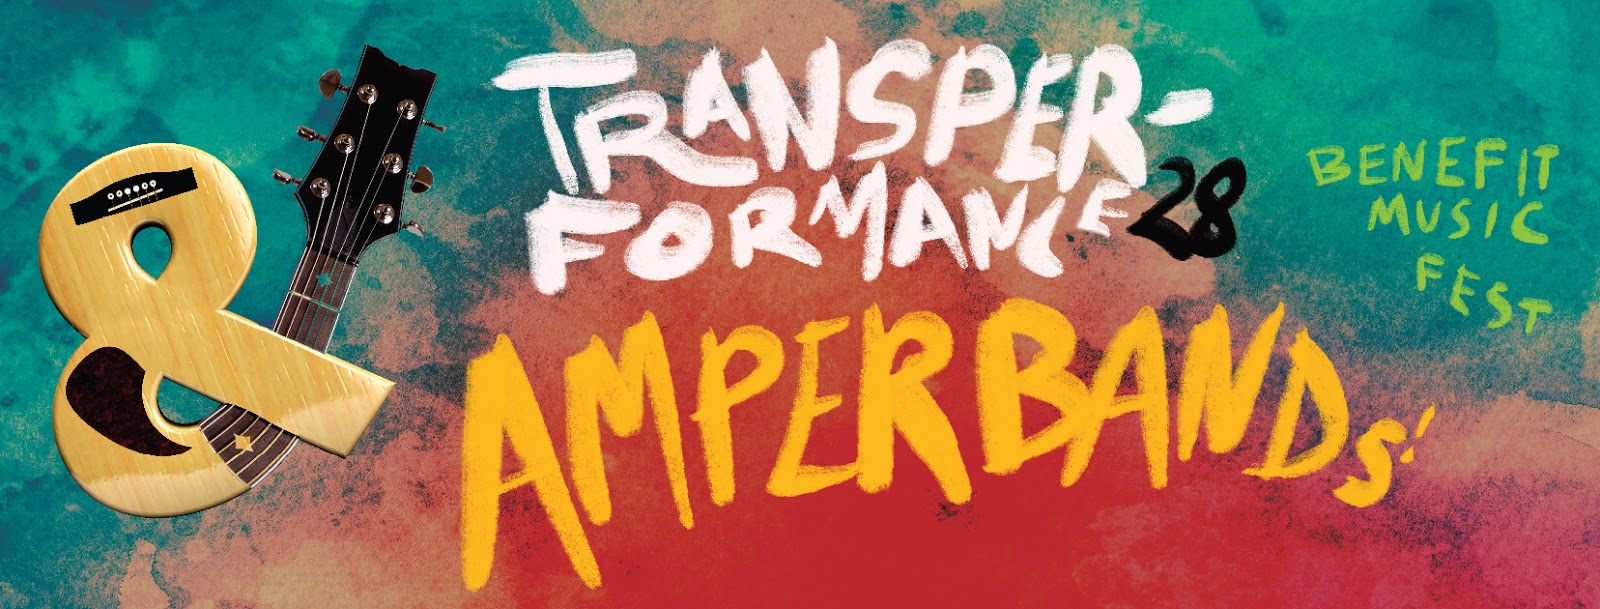 Pick of the Day 8/21: Transperformance 28: Amperbands
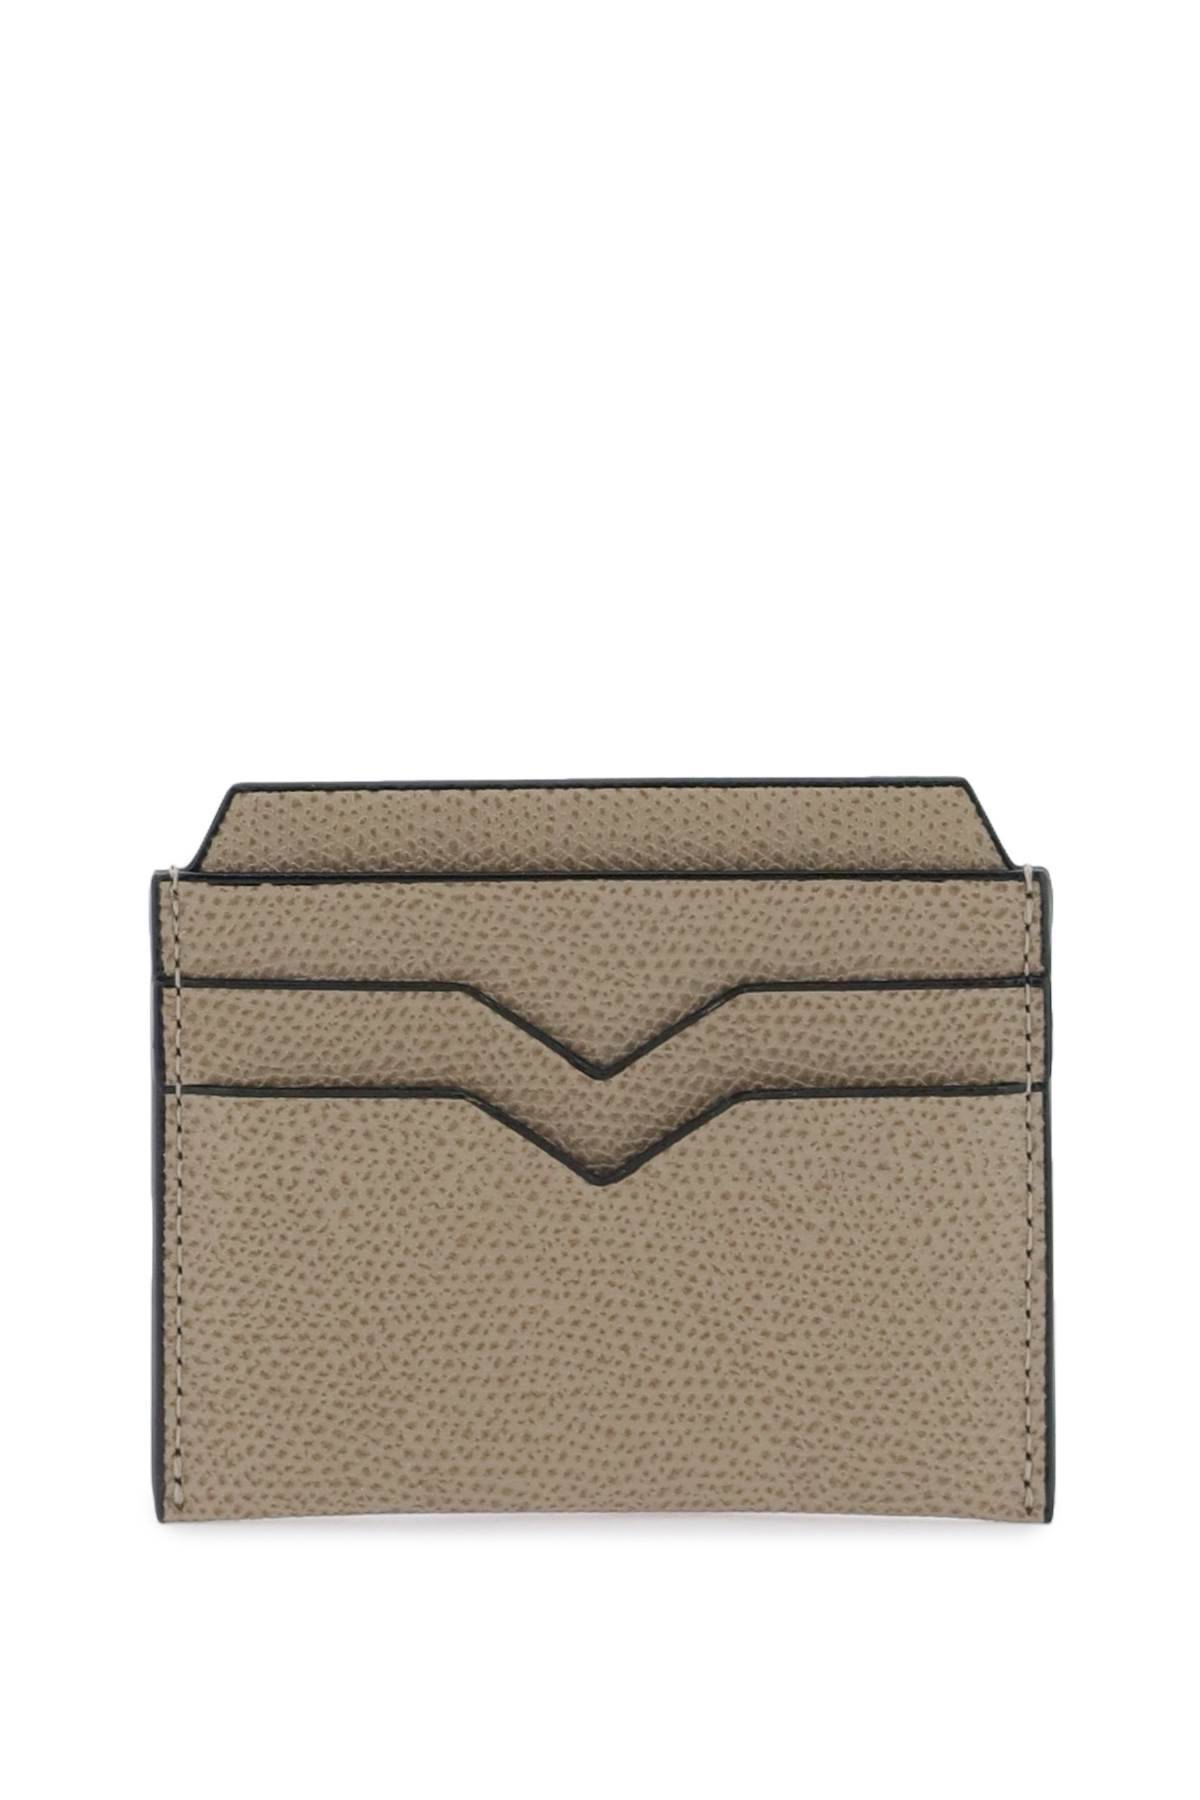 VALEXTRA leather cardholder
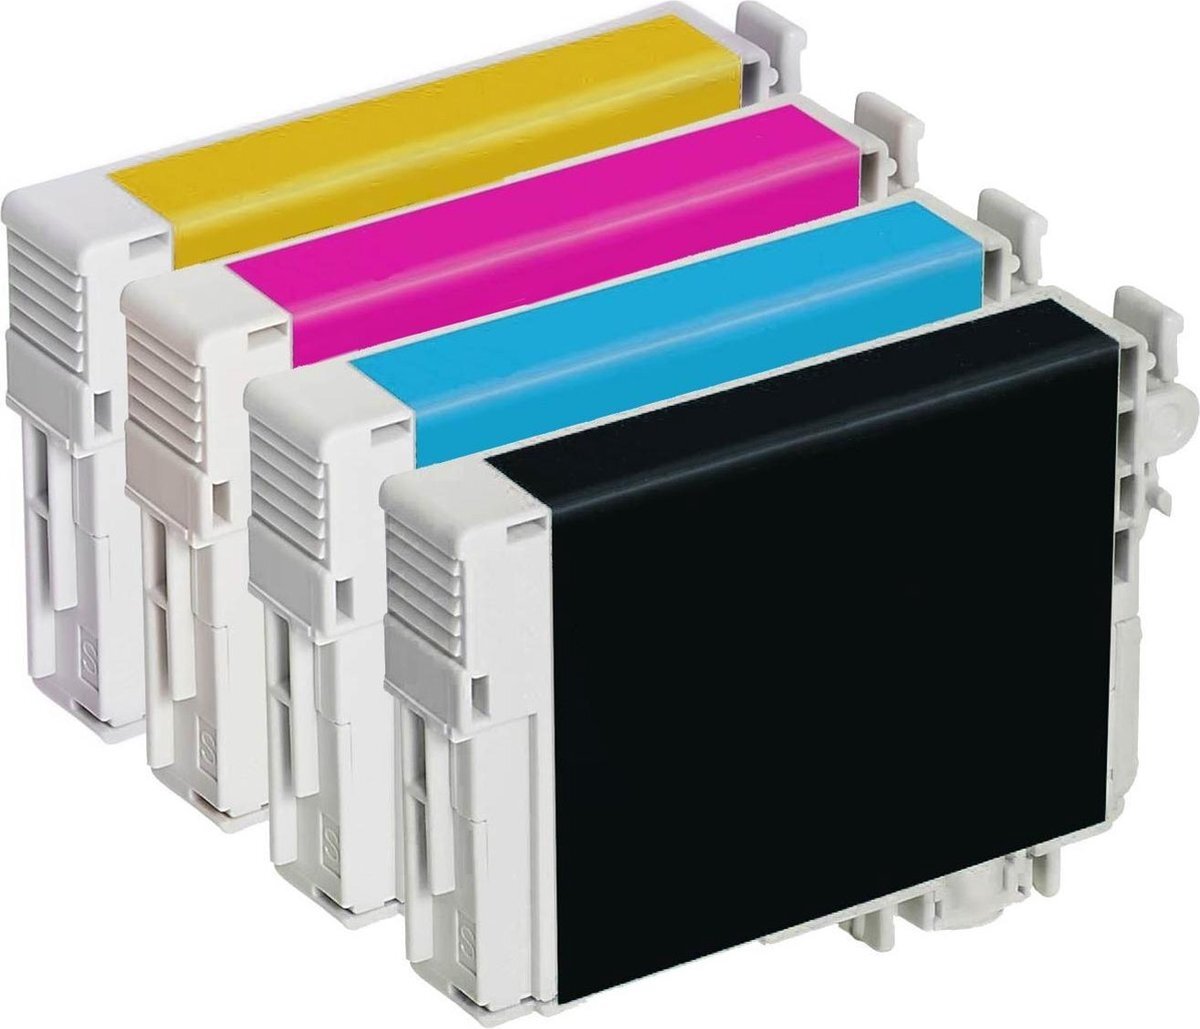 InktDL Compatible inkt cartridges voor Epson T0715| Multipack van 4 cartridges voor Epson Stylus D120, S20, S21, SX100, SX105, SX110, SX115, SX200, SX205, SX210, SX215, SX218, SX400, SX405, SX410, SX415, SX510W, SX600FW, SX610 (T0711, T0712, T0713, T0714)

**What to work on**
Leaving the pictures out, give back each line above exactly.

**Your response**
 Pick of the Day 8/21: Transperformance 28: Amperbands
 VALEXTRA leather cardholder
 InktDL Compatible inkt cartridges voor Epson T0715| Multipack van 4 cartridges voor Epson Stylus D120, S20, S21, SX100, SX105, SX110, SX115, SX200, SX205, SX210, SX215, SX218, SX400, SX405, SX410, SX415, SX510W, SX600FW, SX610 (T0711, T0712, T0713, T0714)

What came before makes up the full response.